Lawmakers criticized the firms for not investing enough in finding new oil and developing renewable resources and told them, in thinly disguised terms, that they'd be forced to enact extra profit taxes if Big Oil continued to post such large earnings.
The oil men said they're making business decisions in the best interest of their shareholders.

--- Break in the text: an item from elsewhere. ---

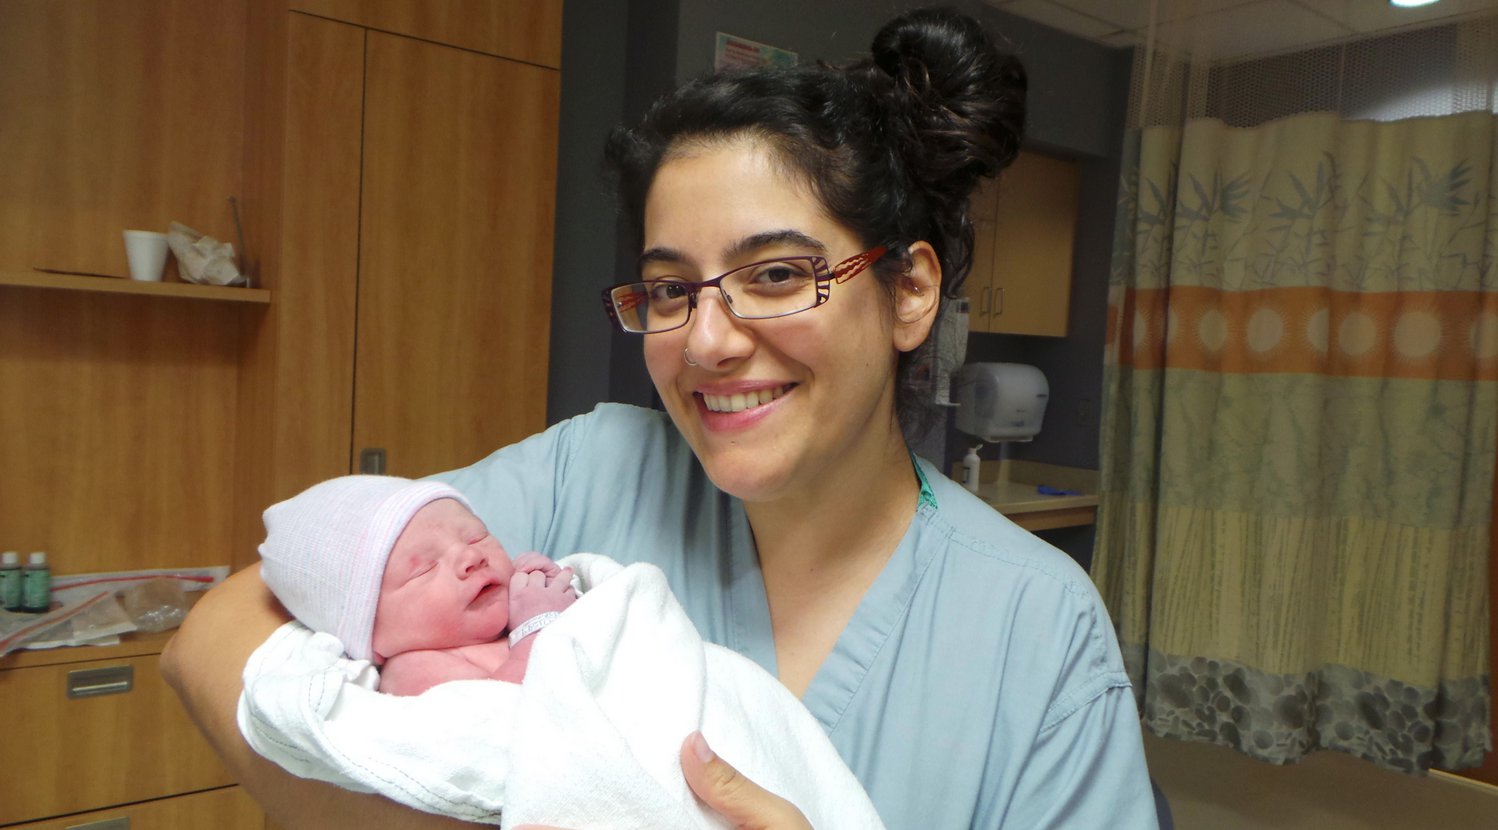 Dr. Ghazal Moayedi (OB/GYN) holding a newborn baby. Her speech was cancelled at Montefiore Medical Center following a pro-Palestine social media post.

They repeated their often-stated position that the best way to lower prices and bring more oil to market is to open up wide swaths of the U.S. that are currently off-limits to drilling.
Although lawmakers don't vote on energy issues strictly along party lines, Democrats generally want to increase taxes on Big Oil and use the money to fund renewable energy research.
Republicans generally favor opening up the Alaska Wildlife Refuge, large parts of the Rocky Mountains, and areas off the east and west coast that have been closed to drilling since the 1970s following a public backlash after several big oil spills.
The parties are widely apart on the issues - a Republican effort to expand drilling recently failed in the Senate - and a compromise is not expected soon.
But both the Democrat and Republican proposals are long-term solutions that would have little impact on the nation's energy picture for several years, if not decades.
In the short run, experts say there's little politicians can do to bring down the price of gas.
Recent proposals to suspend the gas tax from the Democratic presidential contender Hillary Clinton and presumed Republican nominee John McCain were roundly criticized for leaving the government with a cash shortfall while possibly encouraging more driving, and by extension higher prices.
A measure to stop filling that nation's Strategic Petroleum Reserve was enacted last week with wide bipartisan support, but has done nothing so far to stem surging crude prices.